We use cookies. Read the Privacy and Cookie Policy

1928

Николай Гронский

Марина Ивановна Цветаева. Из письма А. А. Тесковой. Париж, Медон, 10 апреля 1928 г.:

У нас в доме неожиданная удача в виде чужой родственницы, временно находящейся у нас. Для дома — порядок, для меня — досуг, — первый за 10 лет. Первое чувство не: «могу писать!», а: «могу ходить!» Во второй же день ее водворения — пешком в Версаль, 15 километров, блаженство. Мой спутник — породистый 18-летний щенок, учит меня всему, чему научился в гимназии (о, многому!) — я его — всему, чему в тетради. (Писанье — ученье, не в жизни же учишься!) Обмениваемся школами. Только я — самоучка. И оба отличные ходоки [8; 367–368].
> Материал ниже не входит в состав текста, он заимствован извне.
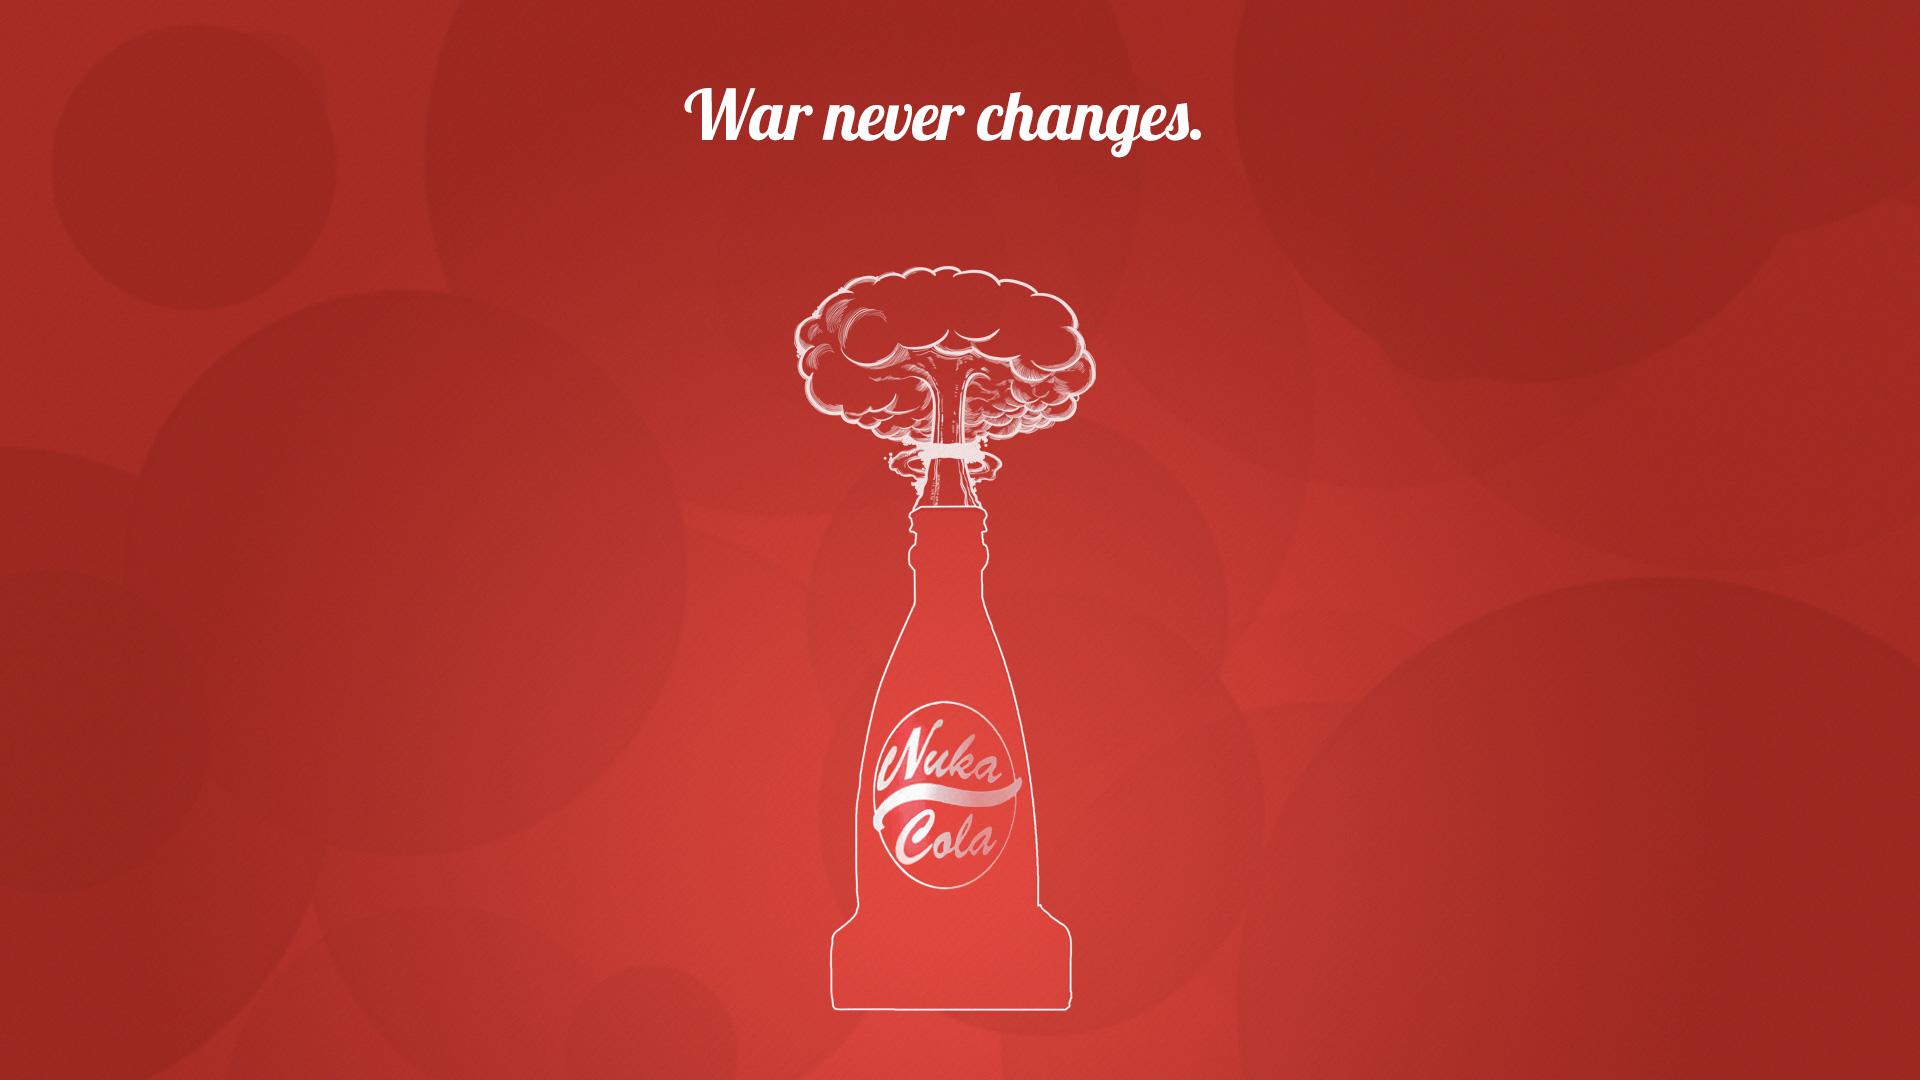 fallout 4 nuka cola desktop wallpaper 1920x1080

Марина Ивановна Цветаева. Из письма А. А. Тесковой. Понтайяк, 9 сентября 1928 г.:

В сентябре должен был приехать сюда ко мне один мой молодой (18 л.) друг, чудесный собеседник и ходок. Сентябрь — месяц беседы и ходьбы: беседы на ходу! я так радовалась — и вот — как всегда — что? — несвершение. В последнюю минуту оказалось, что ехать не может, действительно не может, и я бы не поехала. Остался по доброй воле, т. е. долгу, — как я всю жизнь, как Вы всю жизнь — оставались, останемся, оставаться — будем. Так же не поехал на океан, как я не поеду к Вам в Прагу. — Порядок вещей. — Не удивилась совсем и только день горевала, но внутренне — опустошена, ни радости, ни горя, тупость. Ведь я в нем теряю не только его — его-то совсем не теряю! — а себя — с ним, его — со мной, данную констелляцию в данный месяц вечности, на данной точке земного шара.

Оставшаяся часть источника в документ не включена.